Available records:
# # # # # # #
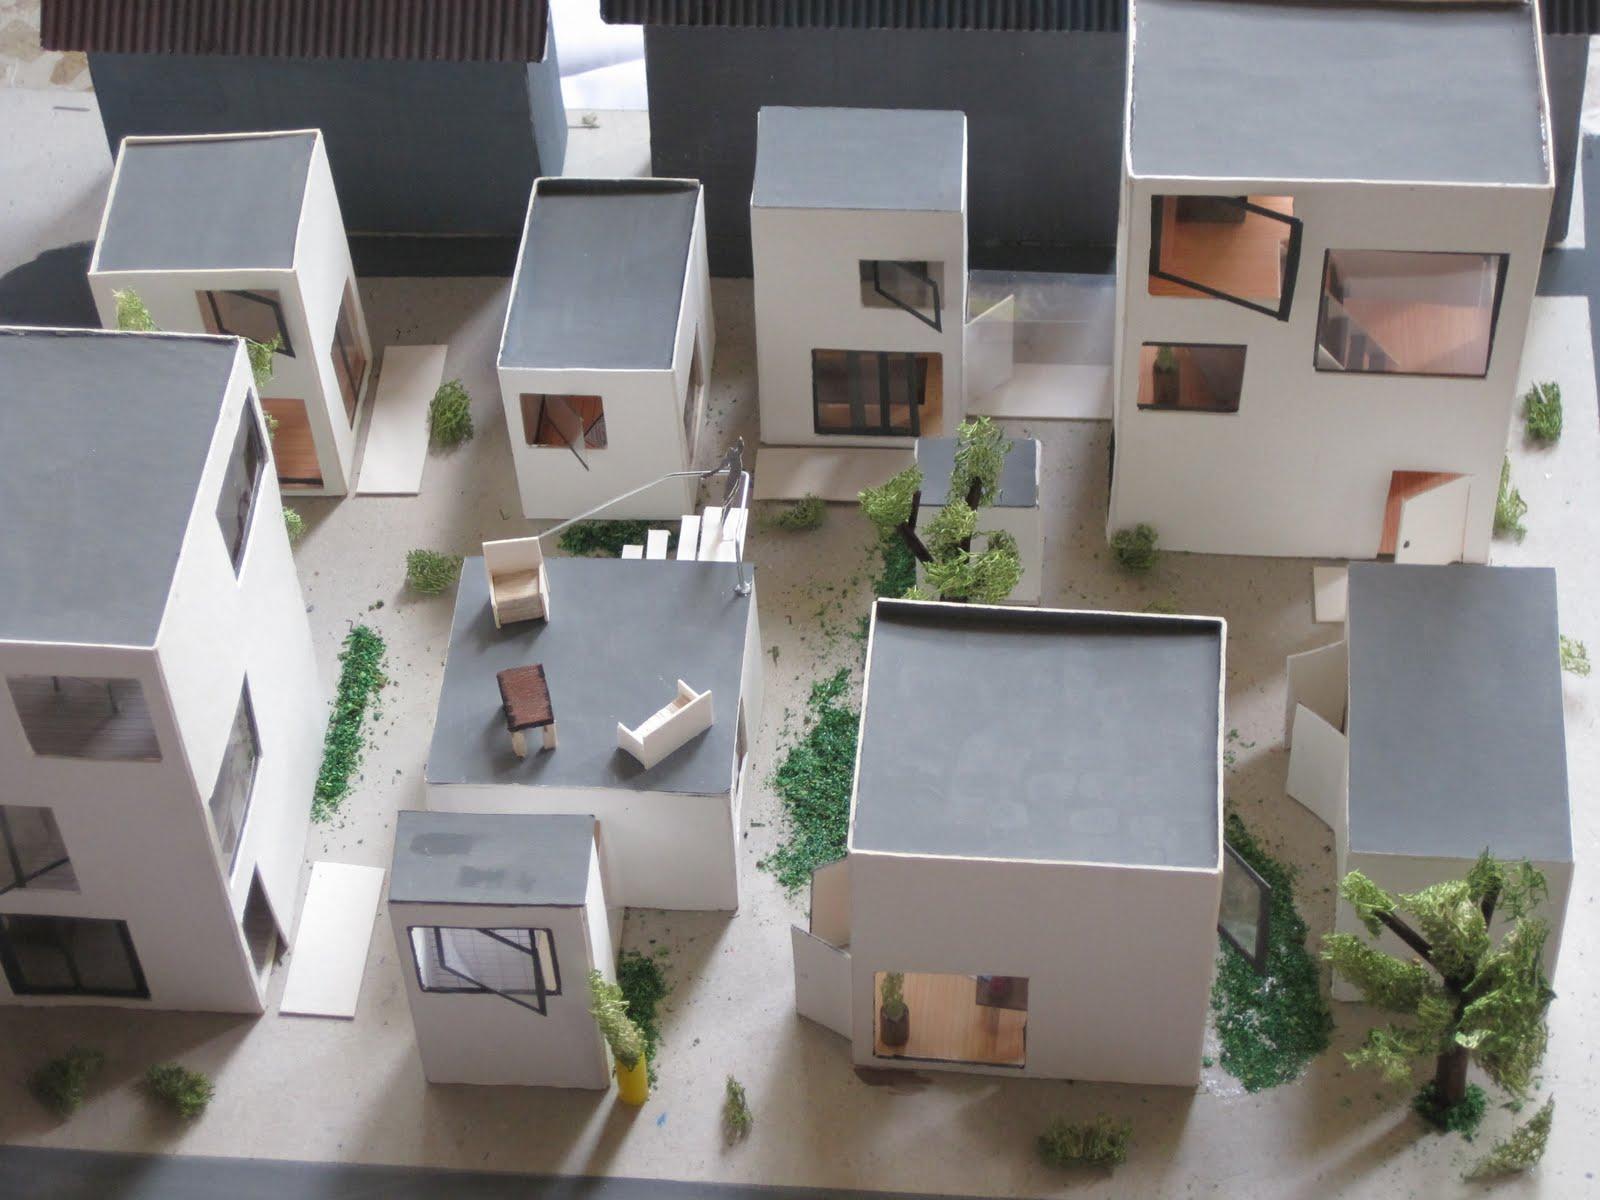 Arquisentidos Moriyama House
# # # # # # #
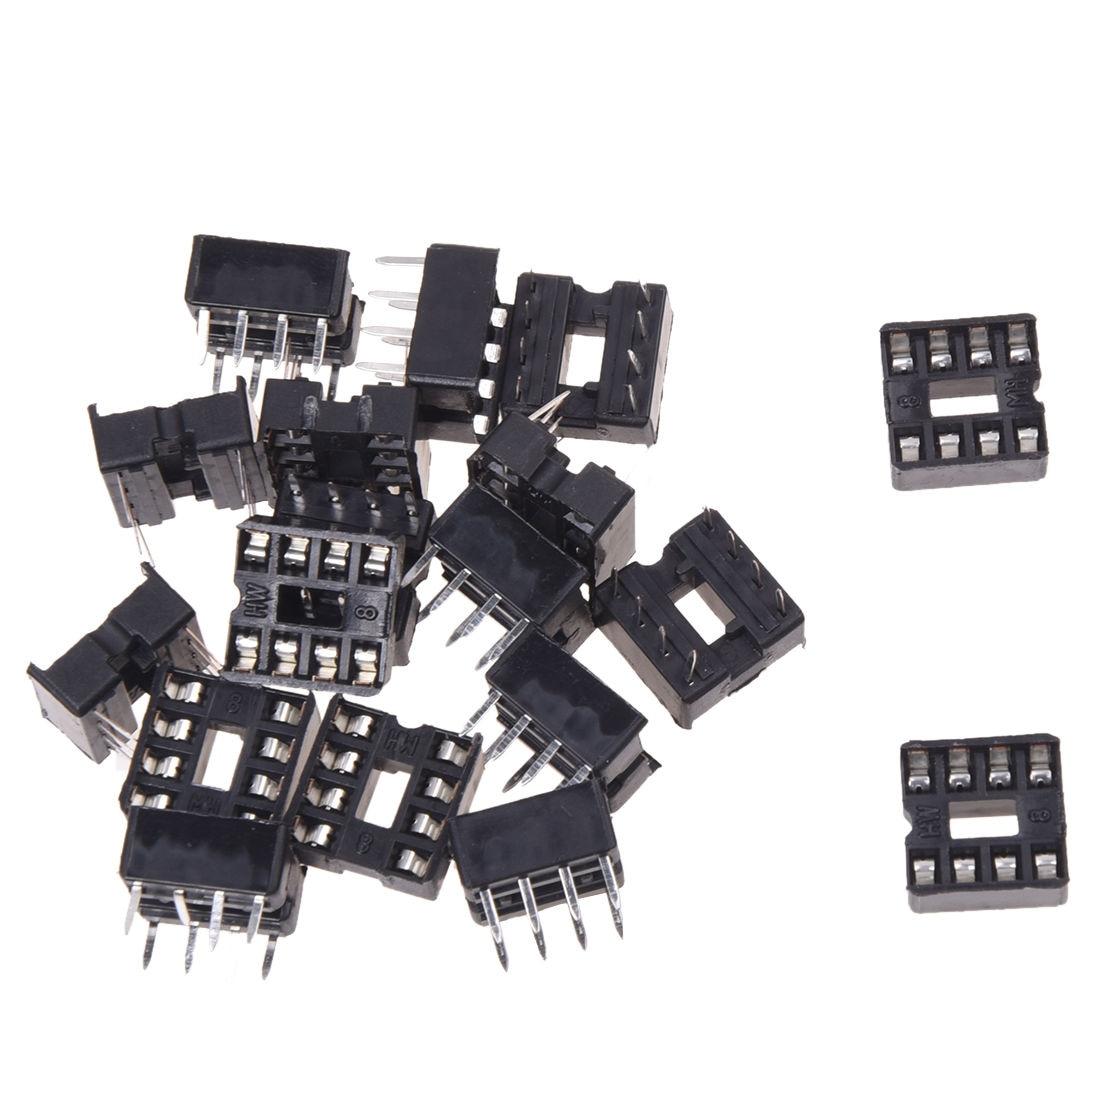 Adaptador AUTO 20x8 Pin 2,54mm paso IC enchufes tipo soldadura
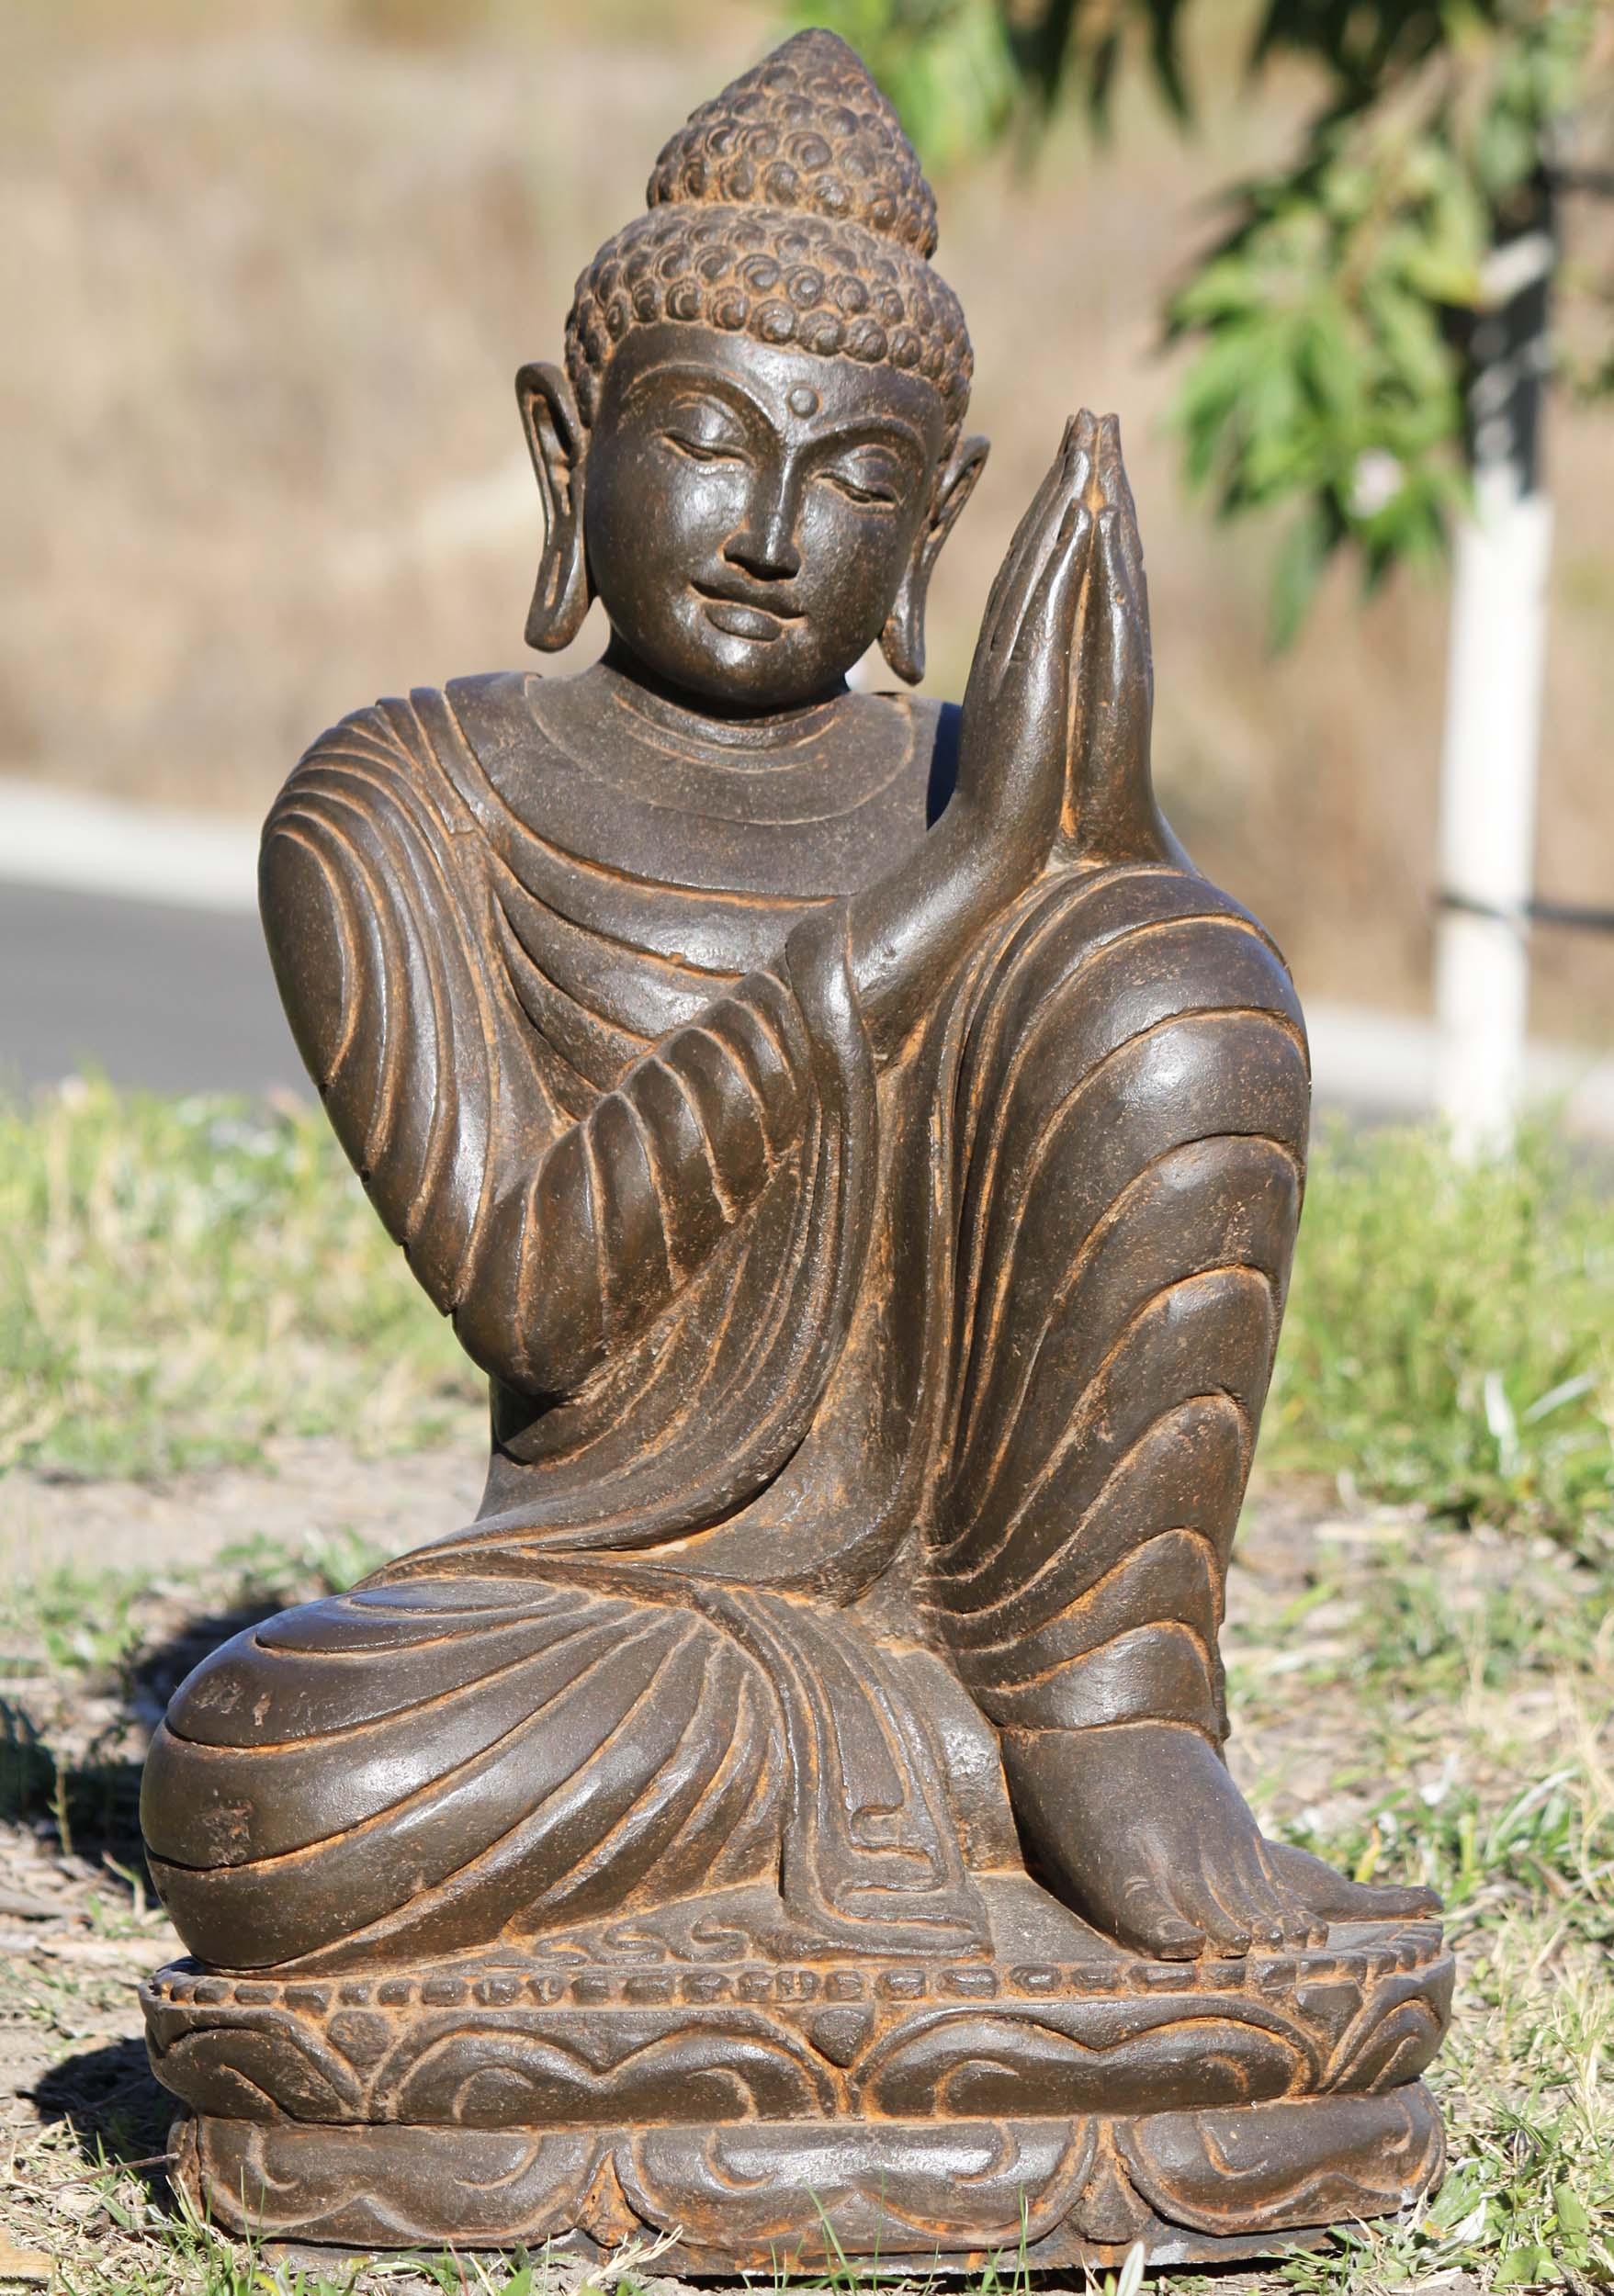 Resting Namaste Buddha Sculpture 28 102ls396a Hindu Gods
# # # # # # #
Your task:
Line for line, output the entries above from the line with "Adaptador AUTO 20x8" to the line with "Resting Namaste Buddha", both included, and nothing more. Skip pictures.

Written reply:
 Adaptador AUTO 20x8 Pin 2,54mm paso IC enchufes tipo soldadura
 Resting Namaste Buddha Sculpture 28 102ls396a Hindu Gods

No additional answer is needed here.